第17話 夜

 勉強したことを思い返しながら、ベッドに仰向けで寝ころんでいた心志だが、


「喉が乾いた」


 厨房で水を飲もうと部屋を出る。すると、微かに灯りが1階であかりが見えた。


 ナーニャもサンディラも、母屋に戻っているのではないかと思いながら階段を降りる。


 店の大部分のロウソクは消えていたが、1つのテーブルにだけロウソクを立てたサンディラが座っていた。


 彼女は何か書き物をしているらしく、心志には気づいていない。


 集中しているのだろうと思い、特に話しかける事もなく厨房に行こうとした。だが気配で気づいたらしく、サンディラは振り返ると微かに驚いた表情を作った。


「どうしたんだい?」


「少し喉が乾いたんで、水をもらいに」


 そう言うと、納得したように笑った。


「あぁ、そうかい。水分はしっかりとっておきな」


 それだけ言うと、彼女は再びテーブルに向き直った。


 心志は厨房で水を飲み、喉を潤して部屋に戻ろうとしたその時、サンディラの微かなため息が漏れた。


 それは勿論、心志に向けられたものではなく、彼女が視線を落としている先にあるものに対してだった。


 それはノートのように束ねられた紙の山。内容は文字と数字の羅列だった事から、心志にはある程度の目星がついた。


「帳簿ですか?」


 その言葉にサンディラは顔をあげ首を傾げた。


 もしかして、こっちの世界では帳簿という言葉ではないのかと思い、改める。


「お店のお金の計算ですか?」


 それで通じたらしく、あぁそうだよ。と返事があったが、どうにも晴れない表情だった。

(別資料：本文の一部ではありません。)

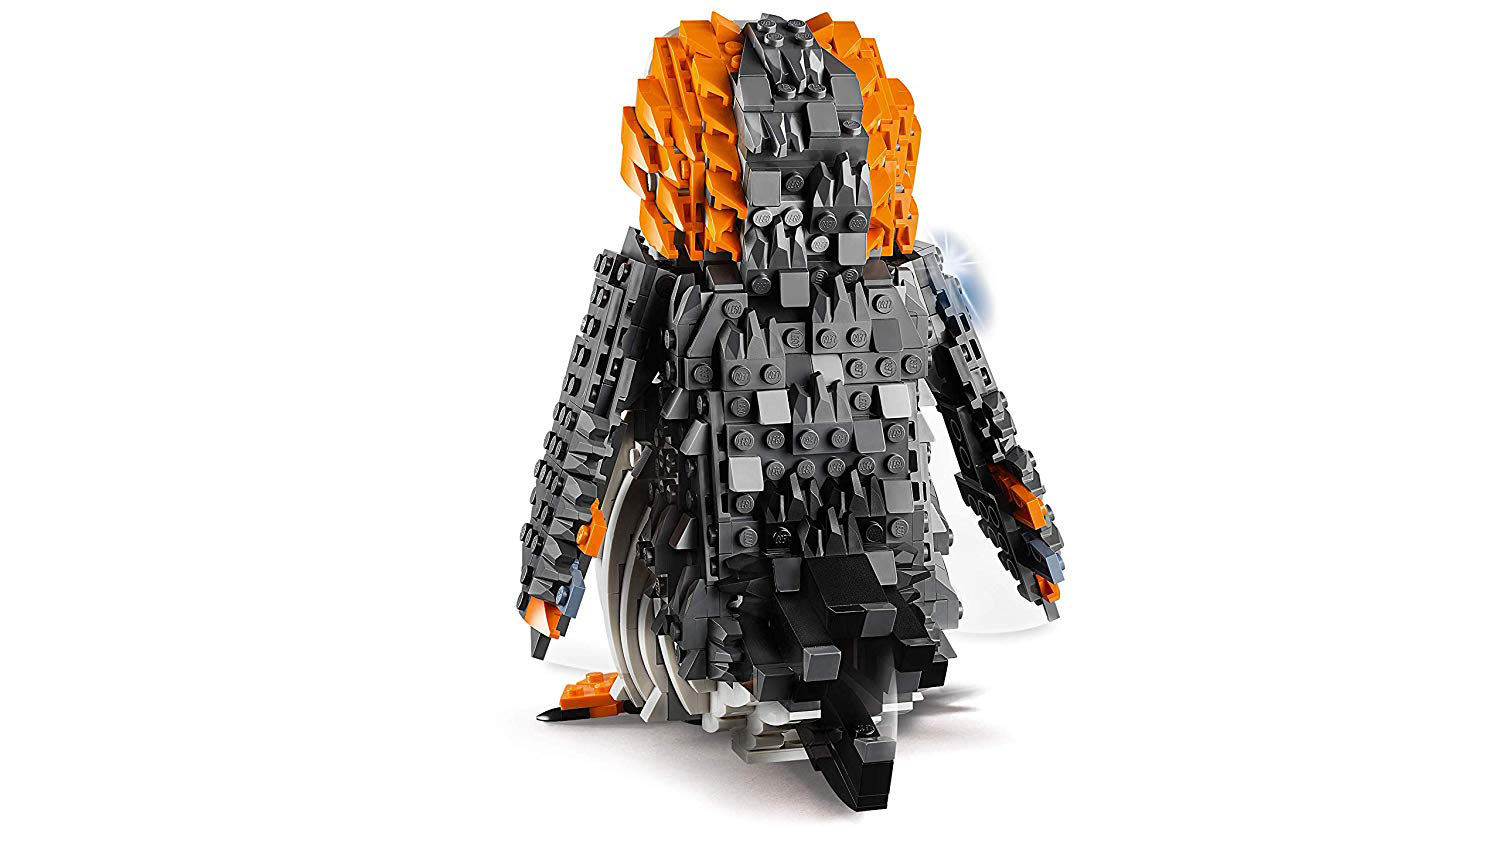 LEGO 樂高 75230 星際大戰系列 最後的絕地武士 Porg 波波，官方圖片。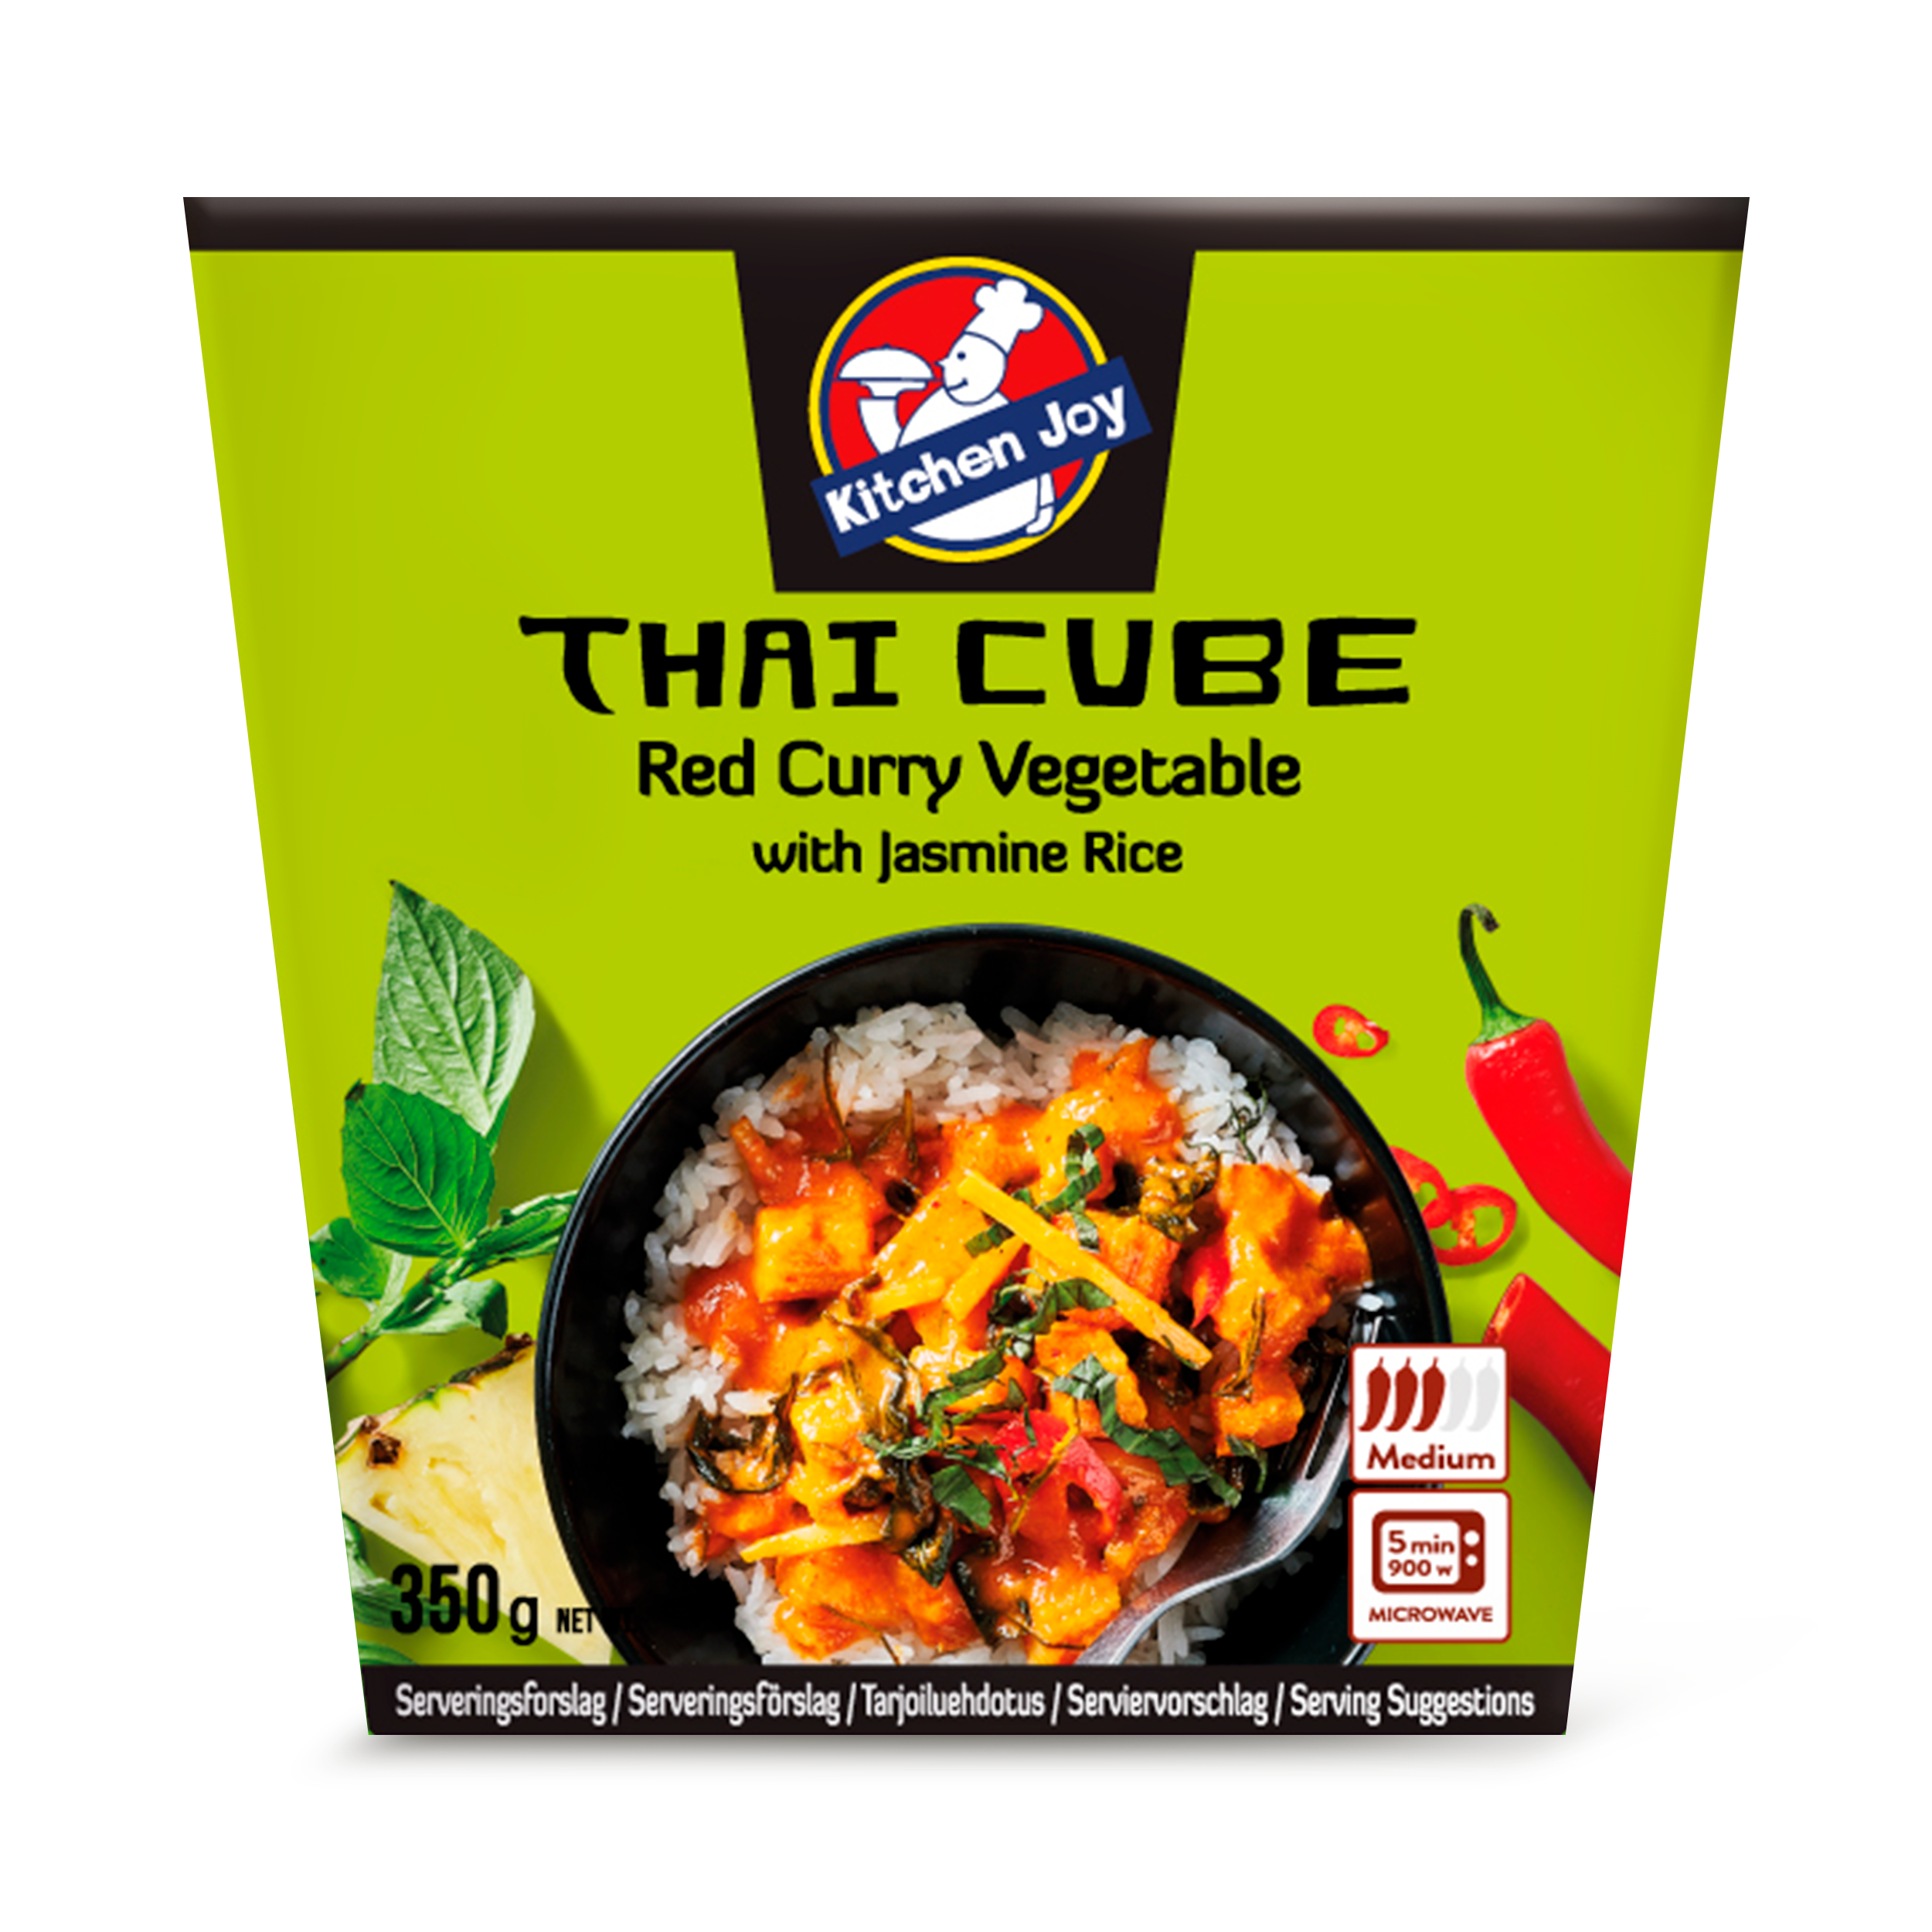 350g Kitchen Joy Thai-Cube Sweet Chili Chicken Teriyaki with Jasmine rice  frozen meal

「アタシはどうにも数字が苦手でね、計算が会わないんだ。こういうのは旦那にやってもらってたんだよ。あの人は頭が良くてね、計算くらいなら簡単にやってくれていたよ」


 そういって、もう一度深いため息をついた。


 以前ナーニャが言っていた父の死。


 こういう場合、何と言っていいのか心志は言葉を持ち合わせていなかった。ただ無言になるしかないかと思われたが、


「少し、ソレを見せてください」


 帳簿を指さし、何とか切り抜けた。


 サンディラから帳簿を受け取ると、空いている椅子に座った。書かれている文字を完全に読むことはできずとも数字はわかる。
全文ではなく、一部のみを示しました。